I did some research in language model and transfer learning. This is my 2 cents:

We actually can use the regular Transformer architecture to train on language model task.
But you can consider if we do so, we are framing language model into sequence-to-sequence training, that is input sequence is the training text with last token masked out. And output sequence is the whole training sequence shifted by one token so the first token is disappear giving space for last token.

draw1

As you can see input to encoder in this case is the same as input to decoder, because output of previous step is actually the same as input of current time step.

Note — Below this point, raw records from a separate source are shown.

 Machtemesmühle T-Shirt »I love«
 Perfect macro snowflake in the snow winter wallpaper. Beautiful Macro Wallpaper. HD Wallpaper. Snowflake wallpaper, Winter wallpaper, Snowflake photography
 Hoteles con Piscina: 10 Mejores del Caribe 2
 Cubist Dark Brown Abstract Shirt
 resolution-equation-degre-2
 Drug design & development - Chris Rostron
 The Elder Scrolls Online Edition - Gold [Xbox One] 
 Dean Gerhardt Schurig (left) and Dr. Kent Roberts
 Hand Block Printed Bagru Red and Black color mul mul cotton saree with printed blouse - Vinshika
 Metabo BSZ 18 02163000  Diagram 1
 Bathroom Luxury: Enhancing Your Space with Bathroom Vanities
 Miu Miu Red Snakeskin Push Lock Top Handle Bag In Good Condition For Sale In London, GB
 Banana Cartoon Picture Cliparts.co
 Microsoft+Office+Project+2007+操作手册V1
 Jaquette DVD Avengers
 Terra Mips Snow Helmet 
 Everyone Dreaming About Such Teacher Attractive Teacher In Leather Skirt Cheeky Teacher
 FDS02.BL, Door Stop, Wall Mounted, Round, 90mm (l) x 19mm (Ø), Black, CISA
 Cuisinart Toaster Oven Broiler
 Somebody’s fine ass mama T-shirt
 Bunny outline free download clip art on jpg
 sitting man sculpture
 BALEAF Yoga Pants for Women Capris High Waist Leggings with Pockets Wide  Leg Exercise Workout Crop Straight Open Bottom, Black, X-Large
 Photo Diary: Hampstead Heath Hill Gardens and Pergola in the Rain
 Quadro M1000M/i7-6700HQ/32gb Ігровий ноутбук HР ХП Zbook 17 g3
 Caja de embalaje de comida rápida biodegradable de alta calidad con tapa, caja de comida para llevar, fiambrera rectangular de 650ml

Because of this, encoder and decoder are learning from the very same input and can considered redundant learning (I believe it is mentioned in GPT-1 paper that encoder and decoder are probably learning the same thing about language if we use both encoder and decoder).

So I think the intuition for decoder-only is to remove model weights those seems learning redundant stuffs, and giving computation capacity to decoder side only so we can have more complex model.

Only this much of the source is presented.